AS CONCHAS NÃO FALAM, Taylane Cruz,Harper Collins,Rio de
Janeiro, 2024, 160p, isbn 978-6506-005-022-8
Saramago afirma que “em literatura e arte, nenhuma obra tira
o lugar da outra. Elas convivem lado a lado. Não é porque foi escrito “Dom
Quixote” ou “Ulisses” que outras obras não precisam existir[1].
Arte sempre será benvinda, nunca há suficiente, eu que
depreendo. Sempre haverá lugar garantido para Taylane e para todos nós. Devemos
estar abertos para aplaudir “As Conchas não Falam” (como faço aqui agora) como
o cordel do poeta de feira escrito na língua bruta da roça.
Taylane Cruz é escritora consagrada e hoje pertence ao time de uma das maiores editoras do mundo, a Harper-collins, que publica Tolkien. Ela está no palco desde 2015, apesar de parecer uma garotinha, com o lançamento de “Aula de dança e outros contos(2015)”, “A pele das coisas (2018)”, “O sol dos dias (2020)”, “Para hora do coração na mão (2022)”, “Menina de Fogo (2023)’ e este, "As conchas não falam (2024)”.
Alguns eu li um pouquinho e
outros, integralmente. E gostei de cada frase: bem tratada e bem urdida.
Na cerimônia de lançamento de "As conchas não falam", um fã, dramaticamente, leu o último
conto do livro (Irmãs). Eu estava sentado na cadeira detrás. As páginas do livro
se acabaram à minha vista, mas o fã levantava a mão arfante e trazia mais uma
nova página. E eu comemorava, o conto se autocriava para me satisfazer.
Em casa (porque já ouvira no dia do lançamento) pensei em
apenas beliscar as irmãs mas elas se grudaram em mim, dizendo sem dizer o que iria
acontecer. Ao final, em vez de passar páginas que não haviam, fiquei,
como sempre acontece quando sou atingido pelo inusitado, desdobrando a trama, percorrendo
caminhos secretos, visitando mundos criados na hora.
Por que diabos nenhuma das cartas foi lida (ou levada a sério) se foram enviadas até para Deus? A decisão tomada, “deixei só nossa mãe e nossa avó nos flagrar, usei a mim mesmo como isca...”. me arrepiou e não seria o que eu faria (sou um personagem apenas e tenho medo do homem irracional).

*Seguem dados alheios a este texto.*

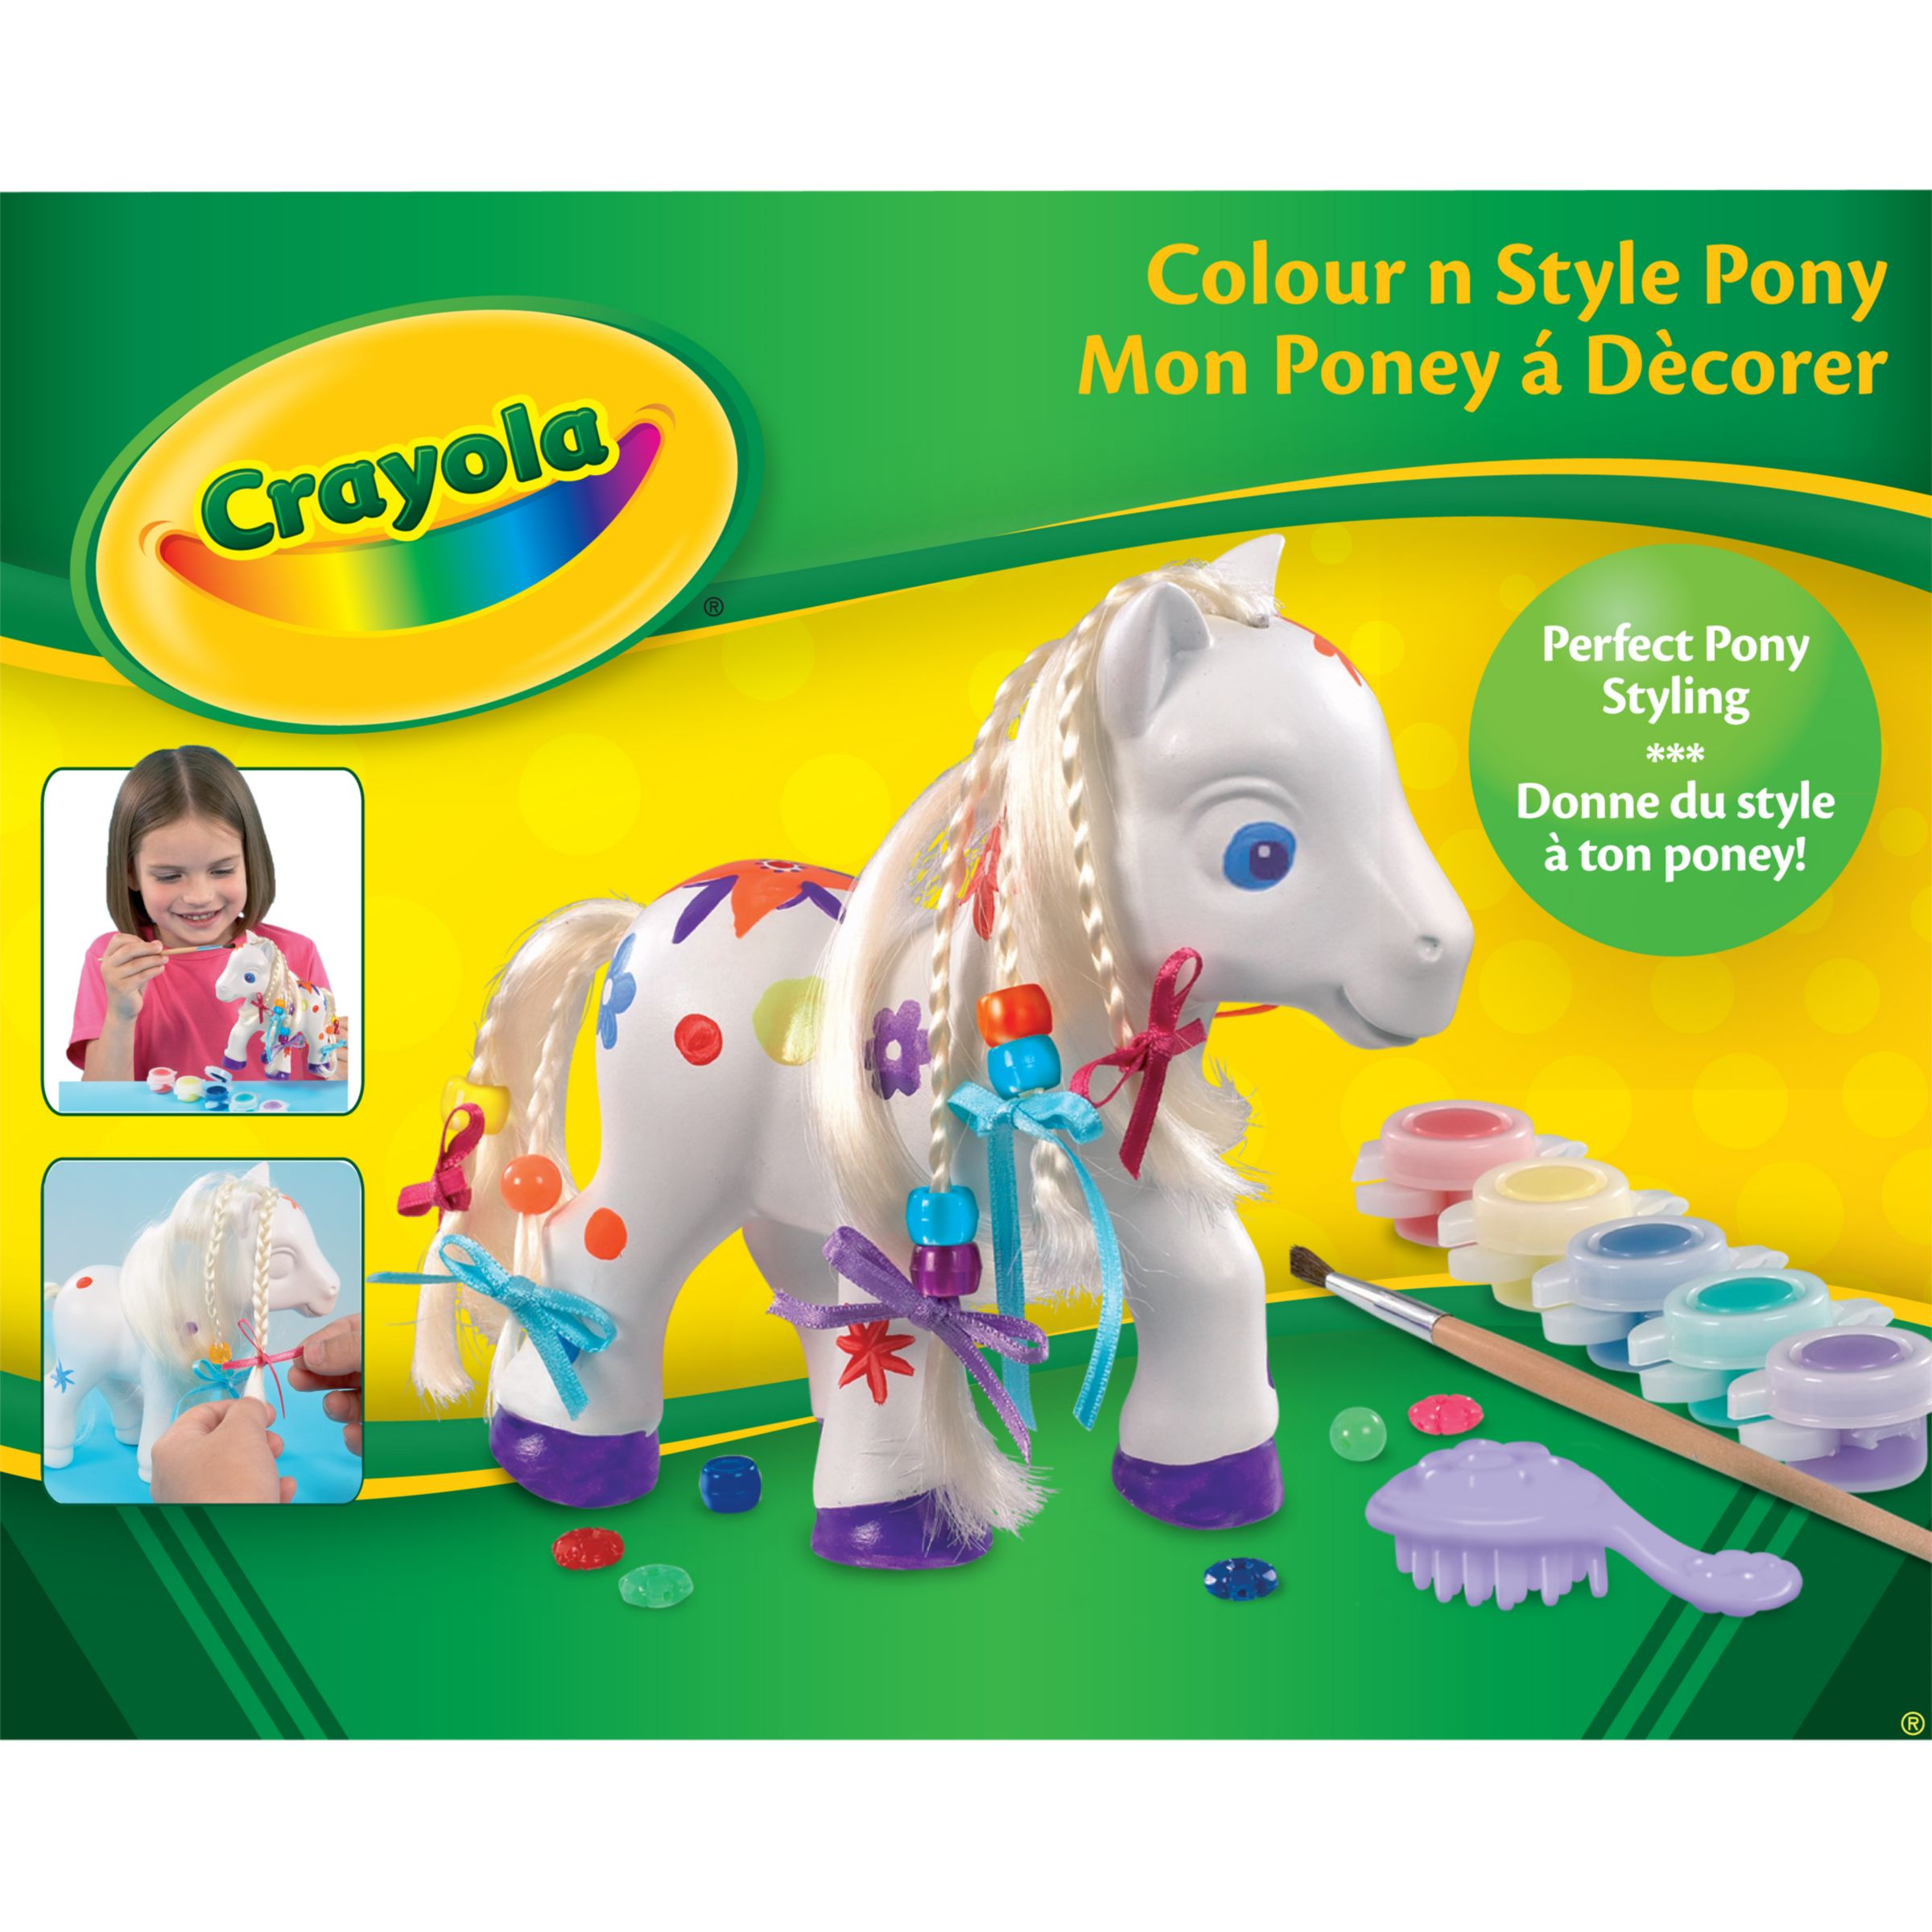 Crayola Colour n Style Pony

Taylane é boa bordadeira. Manuseia mil novelos coloridos, enfia agulha, pega-a no tato por baixo do badoque e a manda de volta. Repete e repete a função com segura calma. E dessa labuta, brotam: a avó cúmplice, a cachorrinha “roubada”, o tio vilão, o pai com seu avião de sonhos e outros inesquecíveis momentos. Ora, as linhas se engrolam ou deixam um espaço maior. O leitor se preocupa à toa. A tecedeira cria uma elevação ou uma depressão na geografia de seu bordado. E nesta azáfama de furos e linhas trespassando, imagens ganham vida ou são incógnitas figuras a decifrar, como se a bordadeira fosse feiticeira: o amor que se regenera como o rabo das lagartixas e as memórias saem como cobras de dentro das rachaduras das paredes. Ele me roubou de casa como se eu fosse um chapéu e me puxou nossos cabelos com tanta força que parecia arrancar raízes da terra. Não é fácil ver seus olhos assim fechados como dois buracos onde guarda um segredo, mas me satisfaz sair gritando pela pracinha ao flagrar os meninos batendo punheta no fundo da igreja.

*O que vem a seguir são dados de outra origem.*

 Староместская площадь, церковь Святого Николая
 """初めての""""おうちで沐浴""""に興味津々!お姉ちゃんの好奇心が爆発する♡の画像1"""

Não há como mostrar o que cada conto revela, o que um livro deste contém, a não ser que o replique inteiro e, mesmo assim, com minguada chance de sucesso. A literatura cria em cada célula, infinitas camadas a decifrar.
E eu, aqui, sou somente o arauto que grita ao vento: chegou um novo rei para governar; chegou um bandoleiro para mexer com a gente.
Está nas livrarias de Aracaju (e do Brasil) o novo livro de Taylane Cruz para ser lido.
(Por Antonio FJ Saracura, em Aracaju, 02 de janeiro de 2024).
[1] Do
livro “Conversas inéditas: José e Pilar”, de Miguel Gonçalves Mendes, citado
no artigo “Confissões” inserido no “Livro sobre Livros (Escritos Diversos, volume 5)", de Enéas Athanázio.